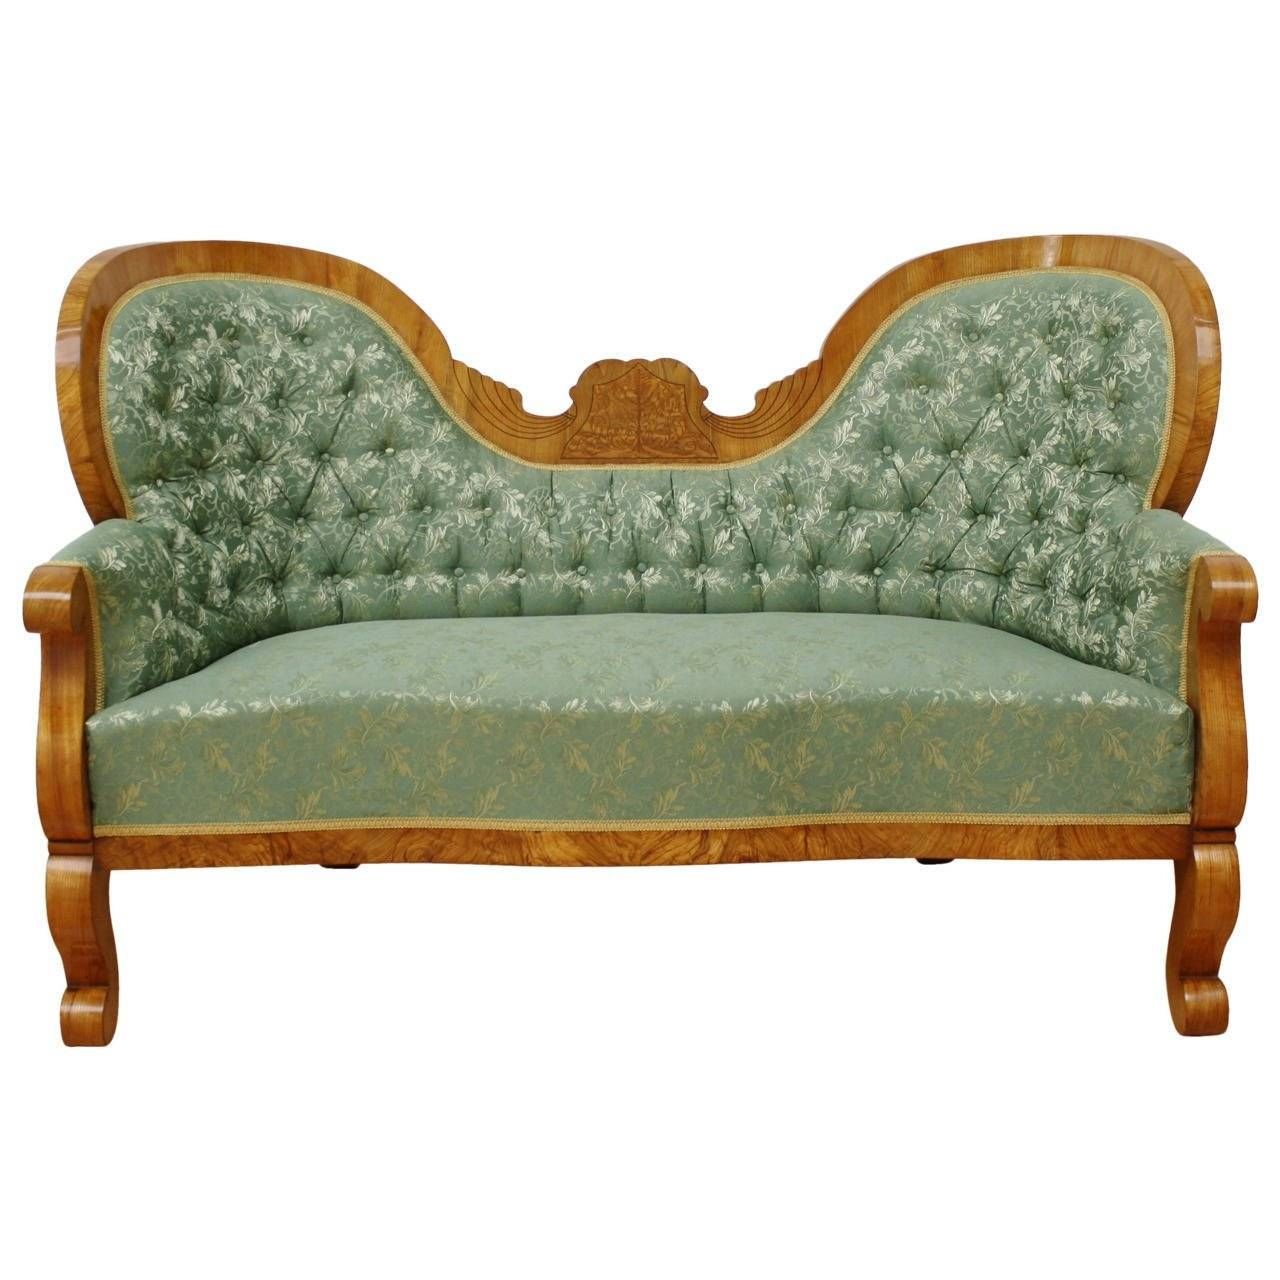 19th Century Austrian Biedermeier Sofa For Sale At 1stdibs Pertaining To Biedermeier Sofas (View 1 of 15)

---

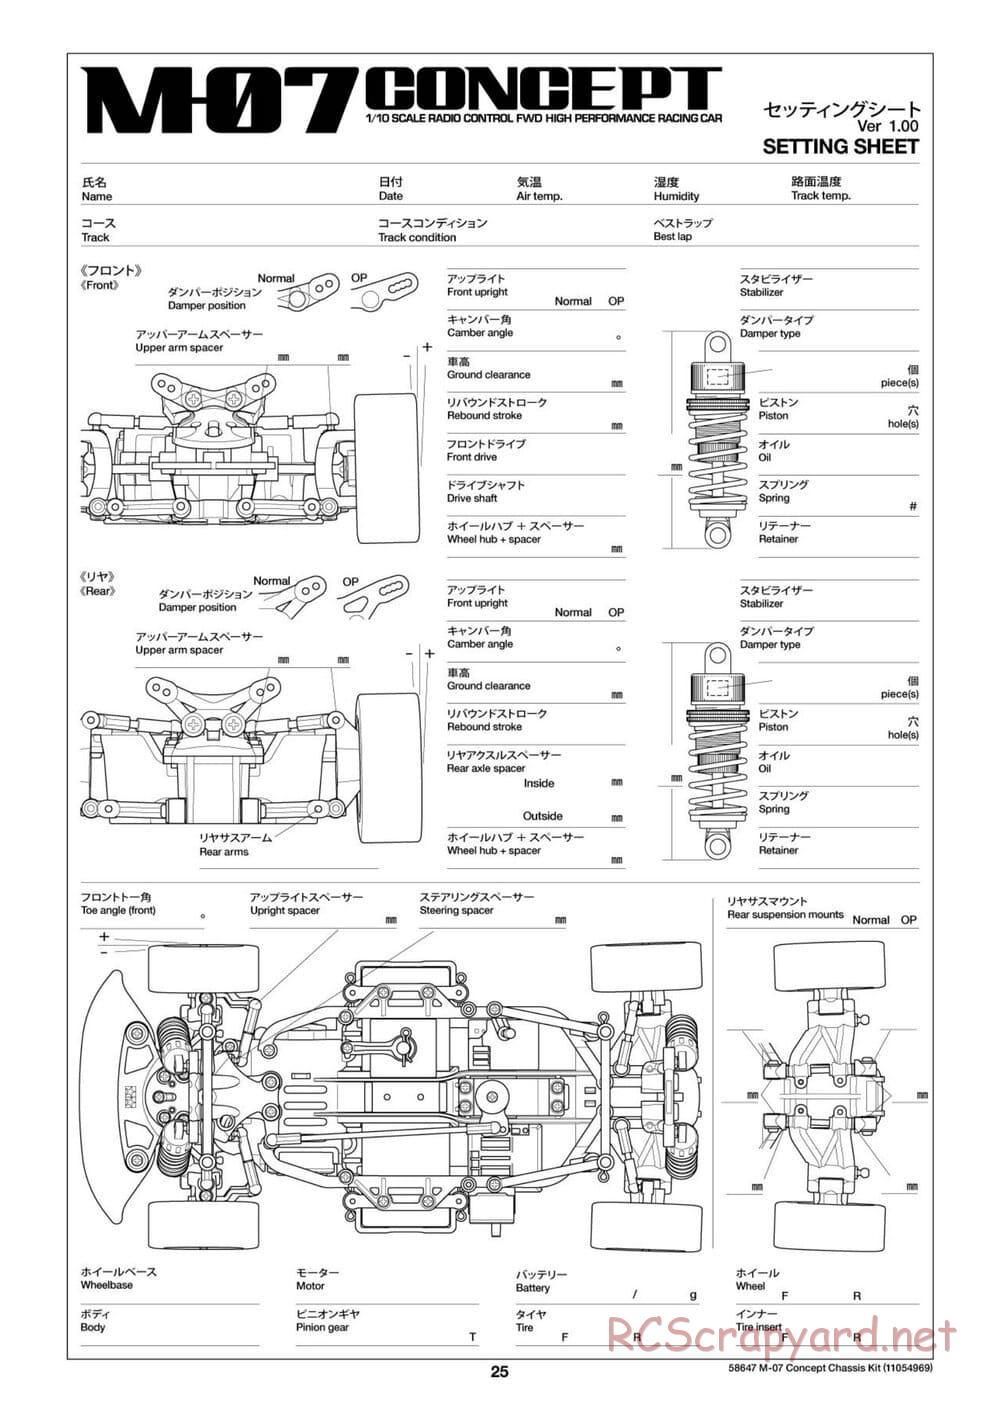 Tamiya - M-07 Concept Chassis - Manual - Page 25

==

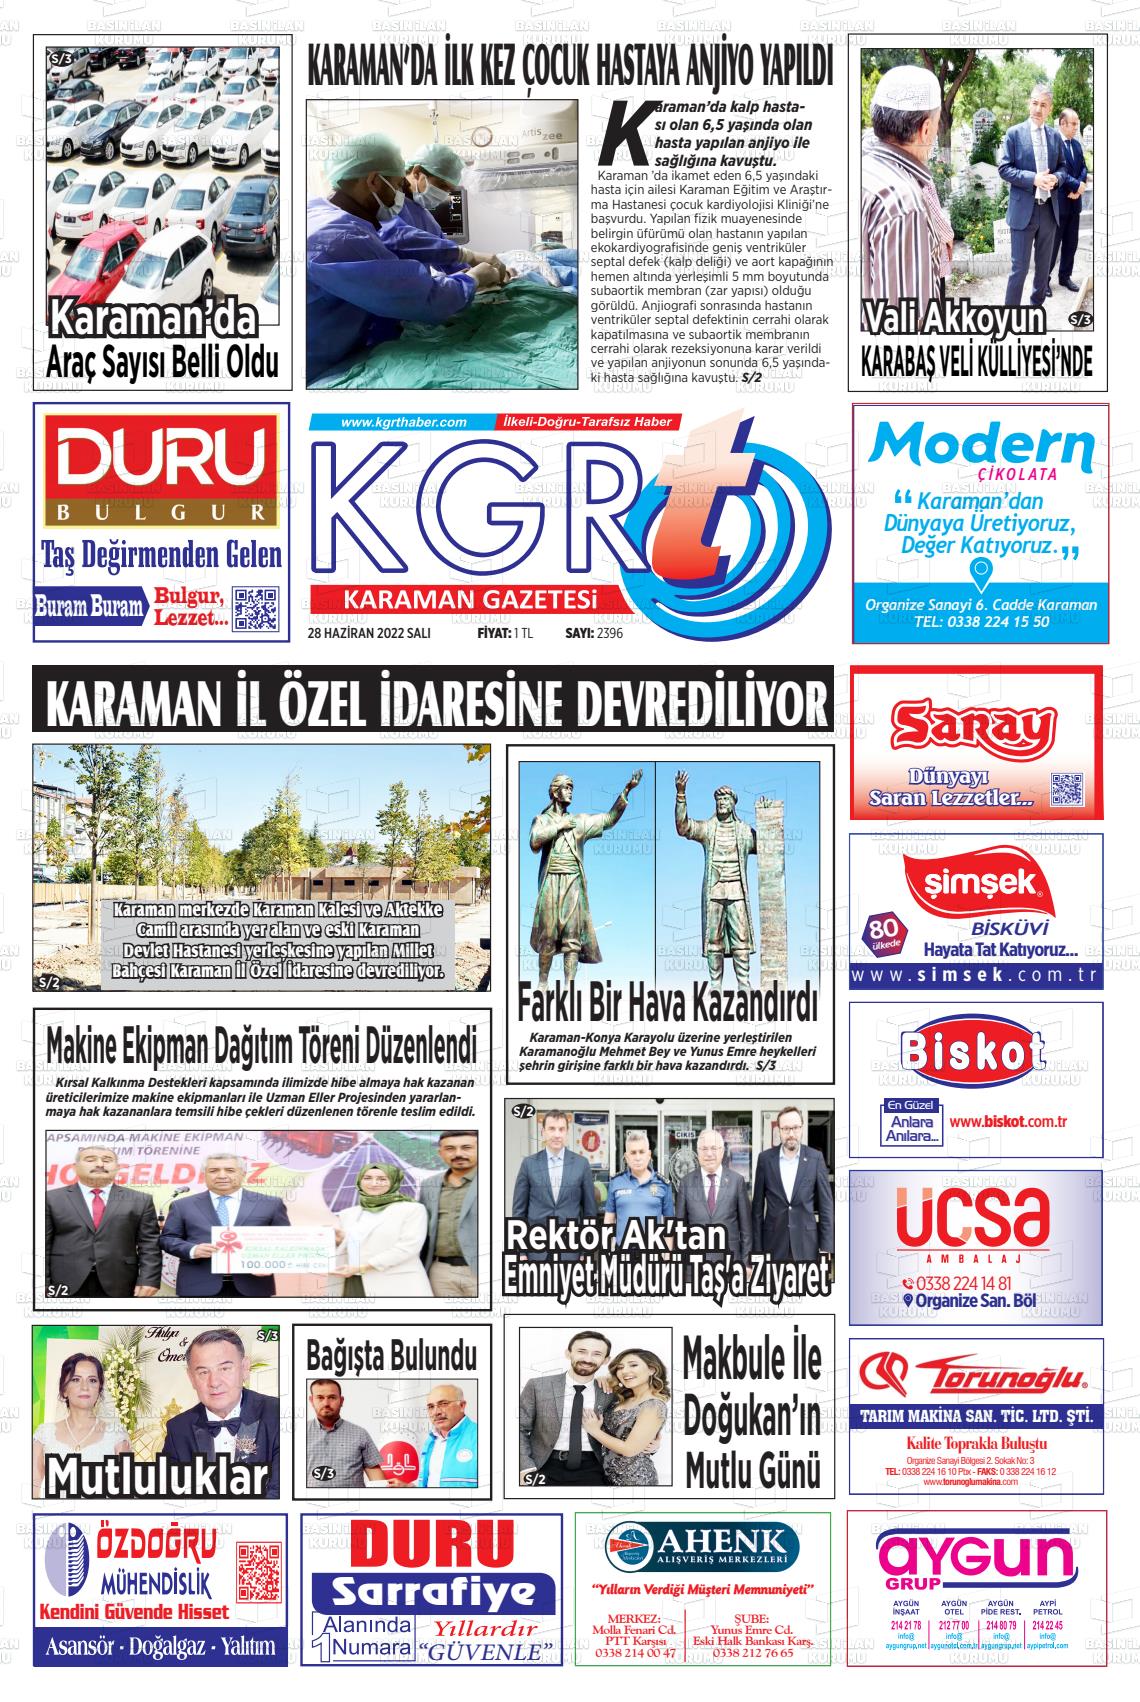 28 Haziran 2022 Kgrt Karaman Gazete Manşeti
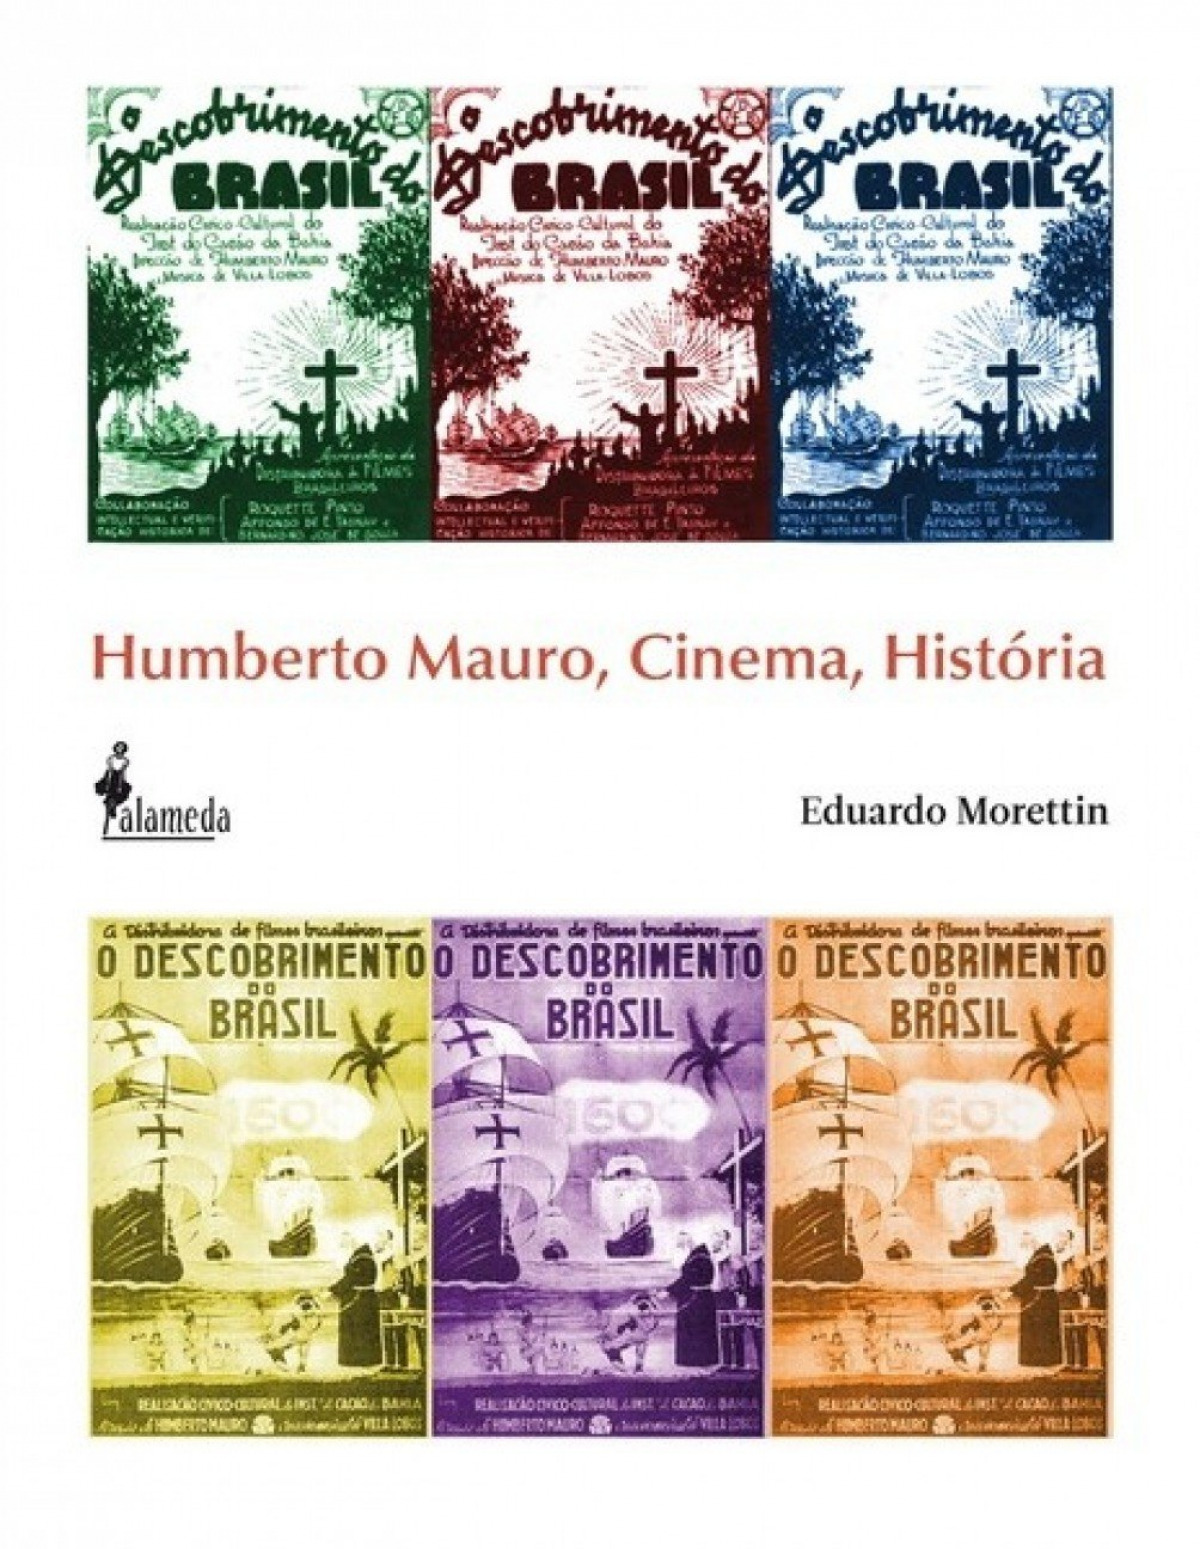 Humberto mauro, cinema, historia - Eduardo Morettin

• [ABOUT THIS TASK]: Write out exactly the run of lines above that starts at the line containing "28 Haziran 2022 Kgrt Karaman Gazete Manşeti" and ends at the line containing "Humberto mauro, cinema, historia". Include both, and leave the pictures out.

• [EXPECTED ANSWER]:
 28 Haziran 2022 Kgrt Karaman Gazete Manşeti
 Humberto mauro, cinema, historia - Eduardo Morettin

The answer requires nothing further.